Metal Bulletin editor Alex Harrison looks back on the key moves in metal markets over the past week.

Key market news
Aluminium premiums have been offered into Japan at $400 per tonne on a cif MJP basis by UC Rusal for the second quarter, up over a half on prices for the current quarter – even as premiums in the US midwest, which have risen further and faster than other markets this year, came off a little

(BHP Billiton also achieved much better terms for its lead concentrates as a result of smelter restarts, incidentally.)

A high-ranking executive at a large participant in the nickel market – China’s Tsingshan Group, which is close to what goes on in Indonesia – told Metal Bulletin’s Asia editor Martin Ritchie he was surprised that refined nickel prices have not responded more strongly to the Indonesian export ban, and noted that he believed some nickel pig iron producers in China had traded as though no ban would ever come into force.

Nickel ore prices rose by over 35% over the course of February, he noted, on nickel pig iron smelters in China scrambling for material to maintain their businesses.

(Metal Bulletin alumina and aluminium specialists Jethro Wookey and Andrea Hotter were in Miami, where the alumina market was trying to figure out whether, and when, the export ban on bauxite from Indonesia would affect the market. Meanwhile Freeport said it might have to declare force majeure on deliveries of concentrates from its Indonesian unit.)

Not so dramatic, but copper premiums in Shanghai moved down as a result of the backwardation and high stocks in bonded warehouses in China, as our office in Shanghai reported.

Outright copper prices on the LME came under pressure too, dropping by over 1% on February 24, for example, on reports of tighter lending in China, and rumours of a default there by a company that used copper to collateralise loans.

Metal Bulletin’s Mark Burton was watching nearby spreads in zinc closely, and described over two days how a nearby spread moved into a contango from a backwardation.

Why? The tightness arose as a result of traders buying up large quantities of warrants in anticipation of higher prices in a deficit market. The spreads eased when they sold those in locations they did not want shortly afterwards.

Company news
Two companies that Metal Bulletin follows closely saw big bumps in their share prices: Kazakhstan-based copper producer Kazakhmys, which plans to sell its underperforming mines; and minor metals supplier 5N Plus, which benefited from strong bismuth sales in particular and better markets in general. Its shares jumped too.

The bismuth market powered upwards on strong investor interest on the Fanya Exchange on Wednesday February 24.

No surprise then that traders, producers and consumers were interested in news that Fanya plans to add an antimony contract to its products, in addition to selenium and tellurium.

Read also: Metal Bulletin’s spotlight on Fanya.

Court report
Aluminium producers, consumers and traders, exchange (and ex-exchange) executives were focused on the court case between UC Rusal and the London Metal Exchange.
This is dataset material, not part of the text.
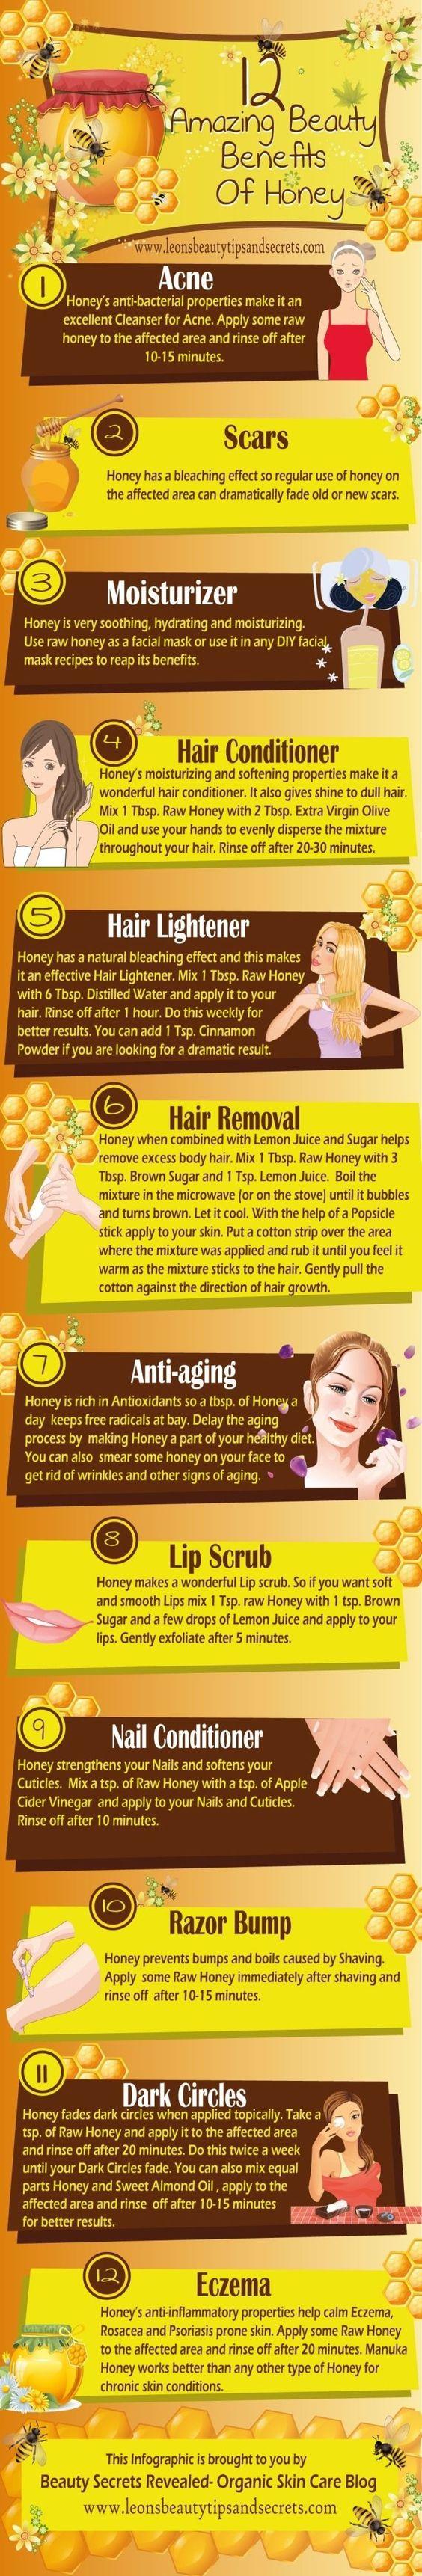 12 Beauty Benefits of Honey diy honey easy diy remedies home remedies acne remedies beauty remedy skin treatment hair treatments

Metal Bulletin’s Claire Hack was there on Wednesday and Thursday. UC Rusal argued that the new load-out rules for LME warehouses, which are due to come into force on April 1, were a publicity stunt by Charles Li, ceo of the LME’s owner at Hong Kong Exchanges & Clearing, and requested they be stopped and consulted on once more.

The LME described Rusal’s argument as absurd, and said its actions were well within its rights. The judge said he plans to reach a decision within a week.

The LME faces separate class-action lawsuits in the USA.

Trader moves
Tristan Busch, who formerly ran Trafigura’s aluminium book before taking on larger responsibilities as head of refined metals, has left the firm. He will be replaced by Barry Marshall

And cobalt trading firm Darton Commodities took on Wayde Yeoman, who had been working for Freeport McMoRan.